▶ **Dataset excerpt**
::::::::::

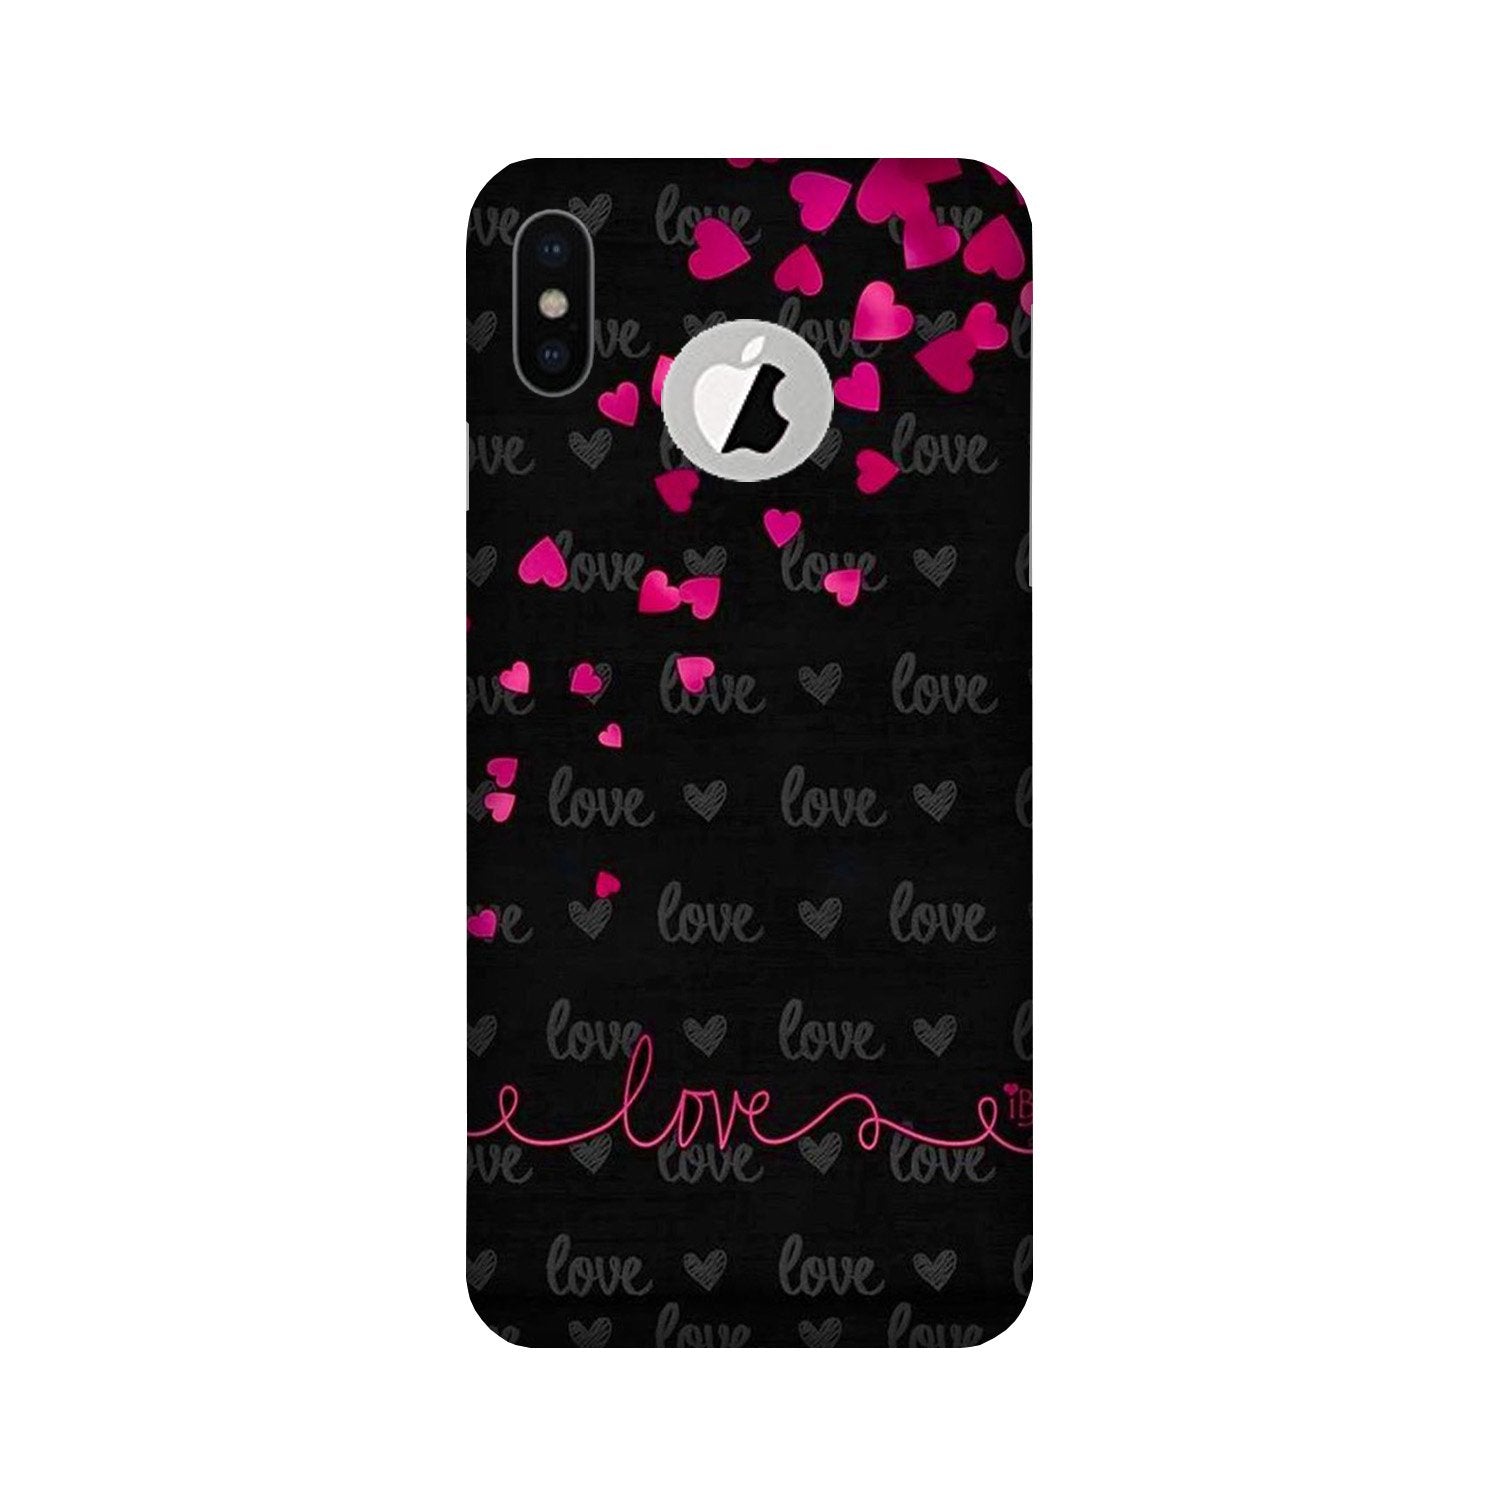 Love in Air Case for iPhone X logo cut
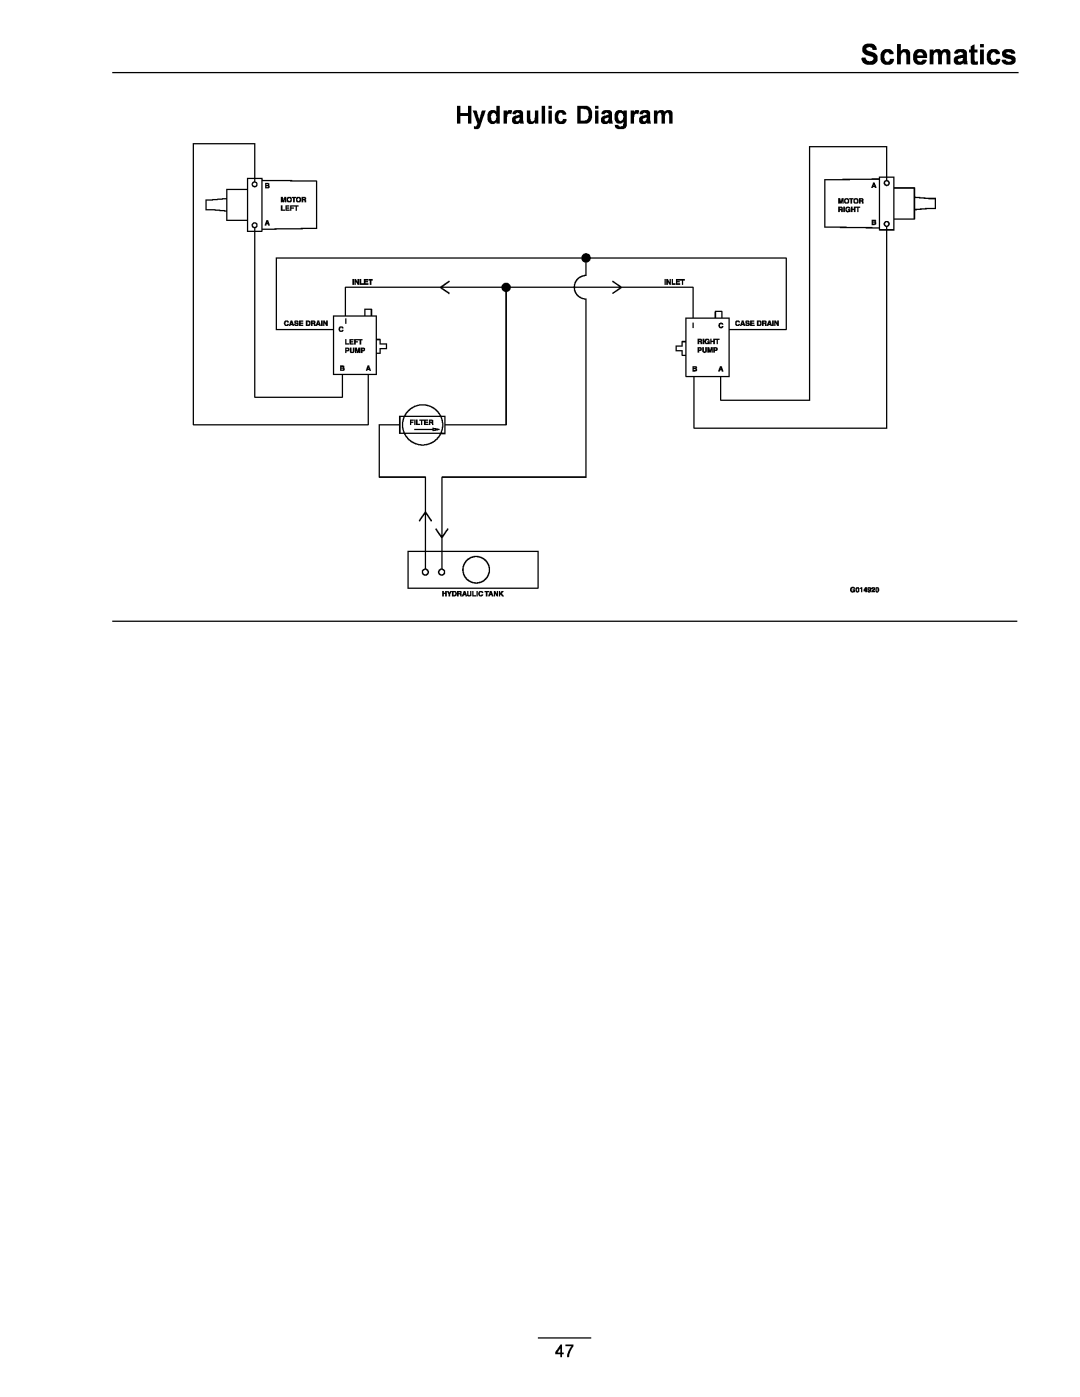 Exmark 920, 000 & higher manual Hydraulic Diagram, Schematics 
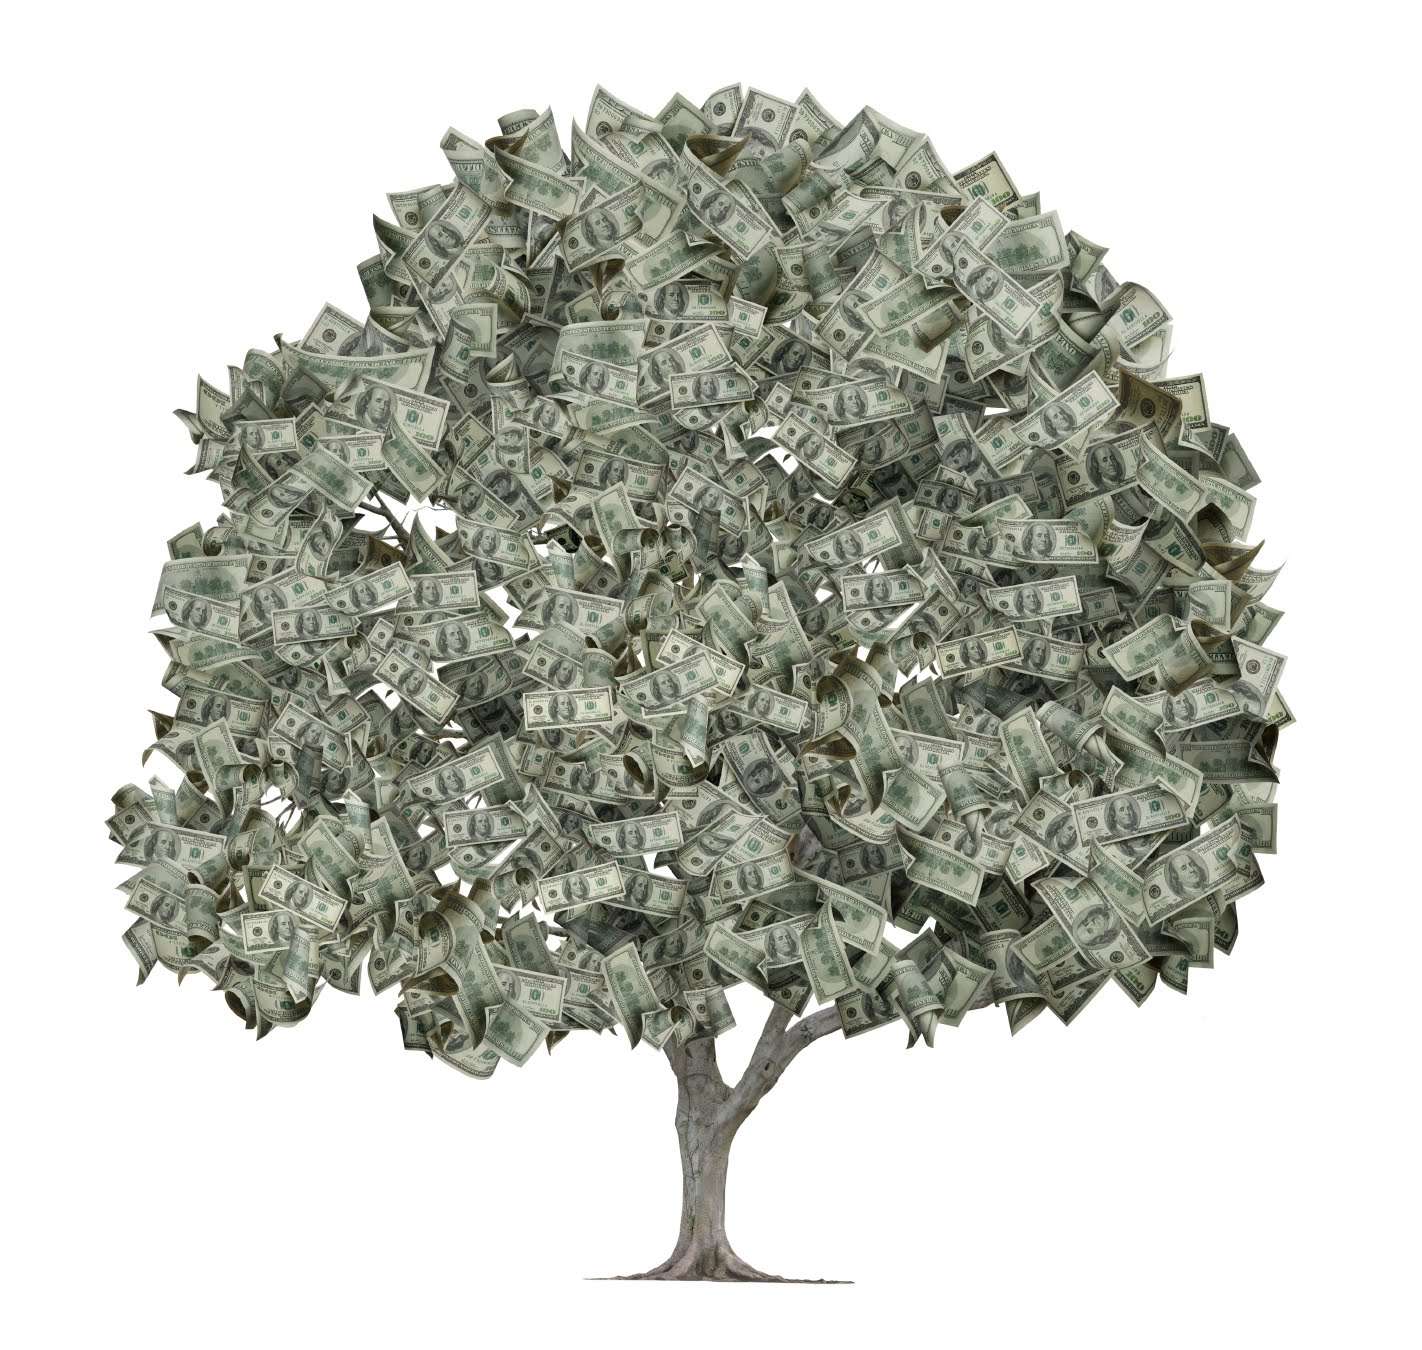 http://4.bp.blogspot.com/-VrKGuN_pMOY/TjPql78UI9I/AAAAAAAAATg/rcI3edZvYr8/s1600/iStock_money+tree.jpg
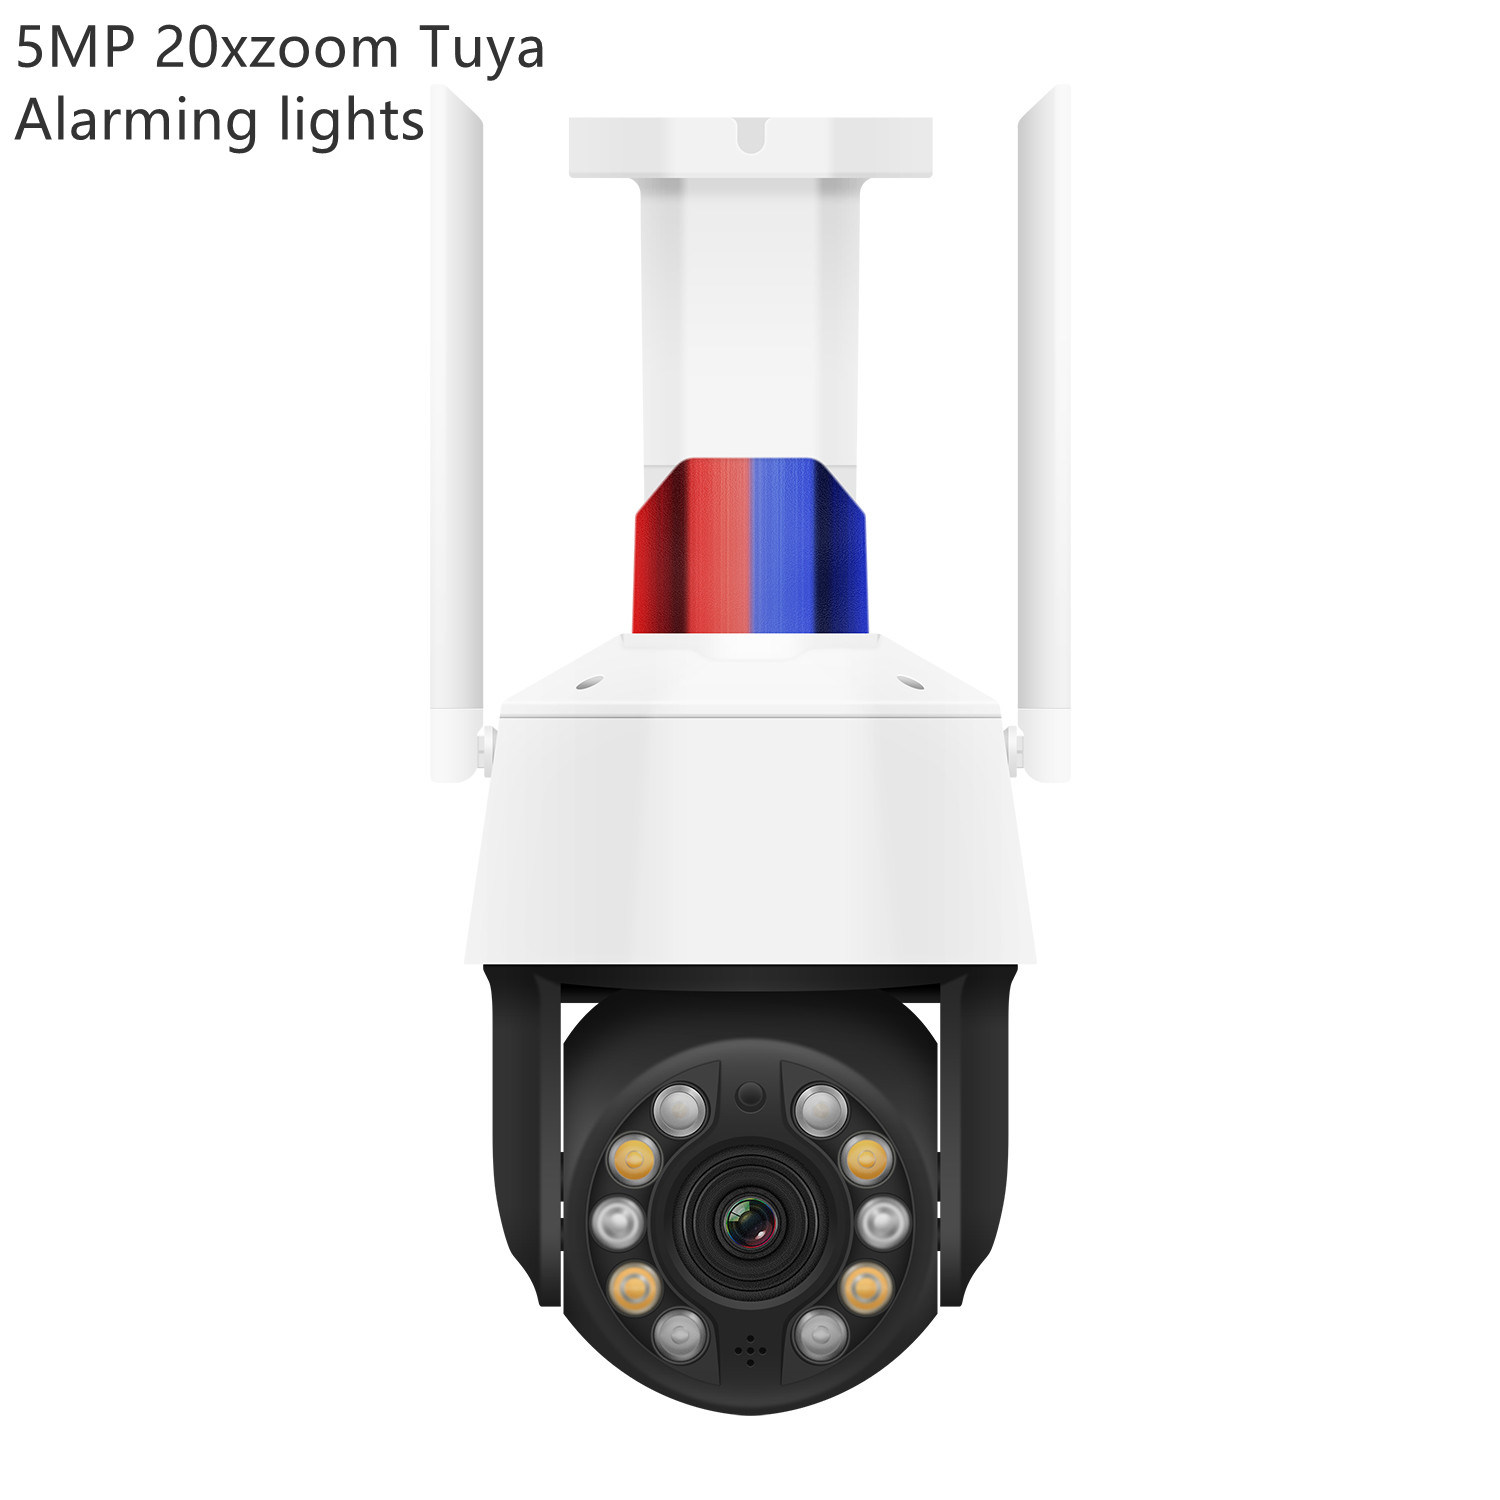 WiFi Camera 5MP 20xzoom Outdoor PTZ Camera IP Camera 2-Way Audio Waterproof Tuya CCTV Dome with Alarming Lights

::::::::::

▶ **Exercise objective**
An exact transcription is requested of each line from the one that holds "Exmark 920, 000" to the end of the listing above, both boundary lines included; pictures are to be omitted.

▶ **Answer to this exercise**
 Exmark 920, 000 & higher manual Hydraulic Diagram, Schematics 
 http://4.bp.blogspot.com/-VrKGuN_pMOY/TjPql78UI9I/AAAAAAAAATg/rcI3edZvYr8/s1600/iStock_money+tree.jpg
 WiFi Camera 5MP 20xzoom Outdoor PTZ Camera IP Camera 2-Way Audio Waterproof Tuya CCTV Dome with Alarming Lights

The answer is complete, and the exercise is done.